Downloading NCBI Biological Data and Creating Custom Reports Using the Command Line
This workshop concluded on April 25, 2023. The workshop materials are available here.
This workshop is for biological researchers who would like to incorporate NCBI command-line clients into their workflows to access and process NCBI molecular data and metadata. In this workshop you will learn to use both the EDirect suite and the Datasets command-line interface (CLI) to download gene sequences, genome assemblies and their associated metadata, and create custom reports that cross reference biological features and sequence data. You do not need to have prior experience with EDirect or the Datasets CLI tools (datasets and dataformat), but you will need to be familiar with NCBI databases and comfortable using the Unix/Linux shell to get the most out of this workshop.
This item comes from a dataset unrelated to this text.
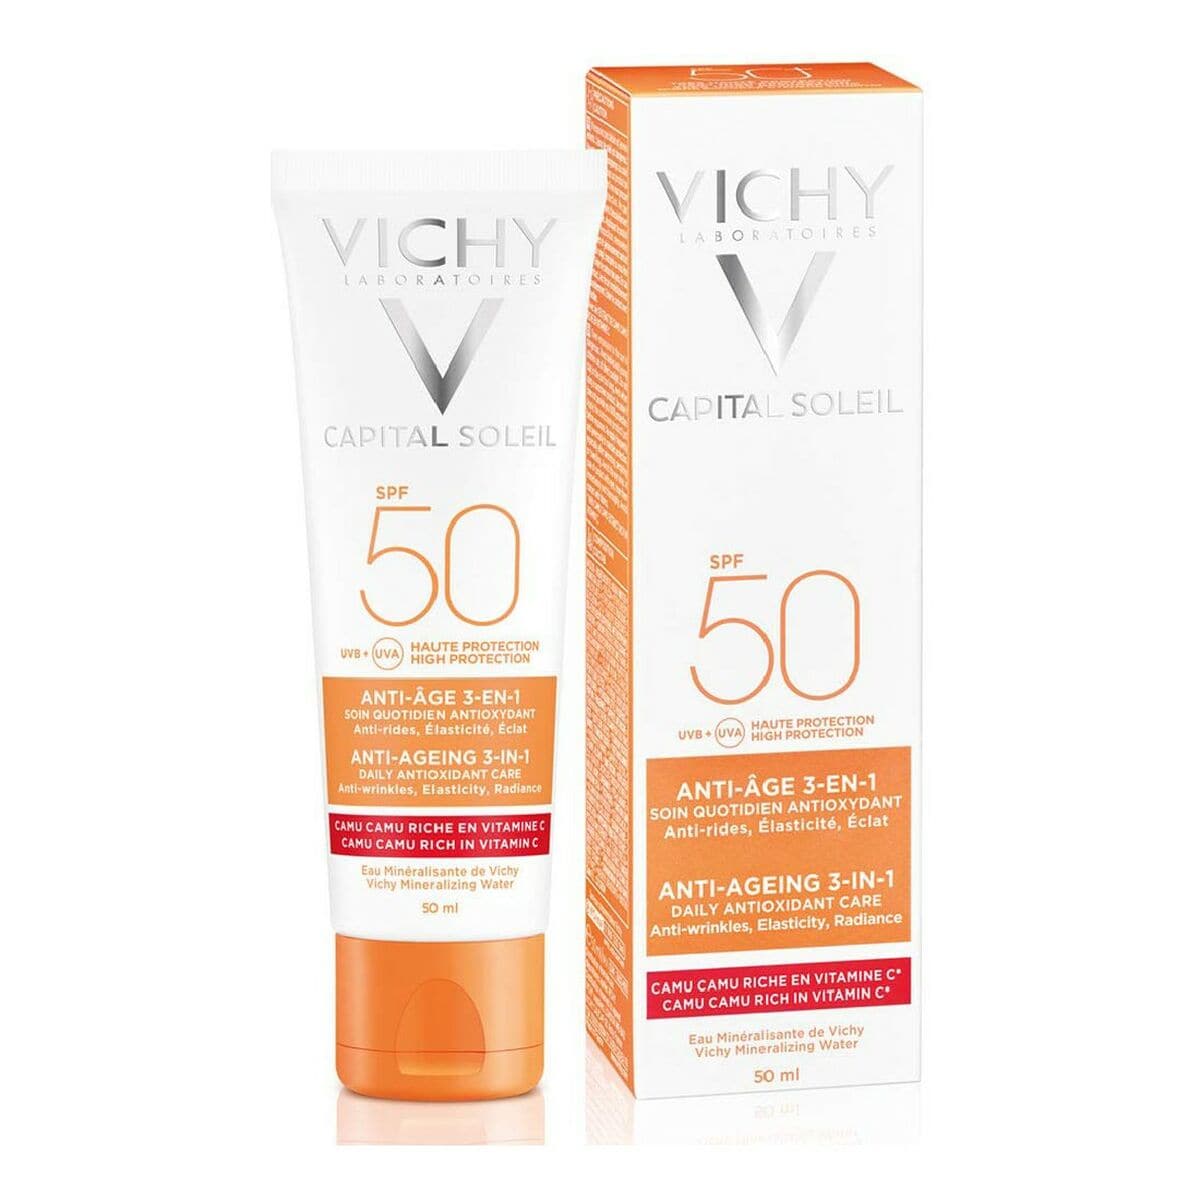 Anti-Ageing Cream Capital Soleil Vichy VCH00115 Antioxidant 3-in-1 50 ml-0

In this workshop you will learn how to:
- Use the EDirect suite to search for and collect sequence and gene data data across NCBI databases
- Incorporate the the EDirect XML parser Xtract into workflows to create and format custom reports
- Use the Datasets CLI to access and download genome sequences and metadata in order to build custom databases
- Use the dataformat tool to generate reports from downloaded genome metadata to classify and filter genomes by biological criteria
- Incorporate these tools into workflows with other bioinformatic tools such as BLAST
Due to curricular and technical limits, we’ve capped the number of spots to provide the best workshop experience. If you register to apply, you will be notified of your application status 2 weeks before the scheduled event.
We recommend having access to a stable internet connection and modern web browser on a laptop or desktop computer to be able to successfully participate in the hands-on exercises.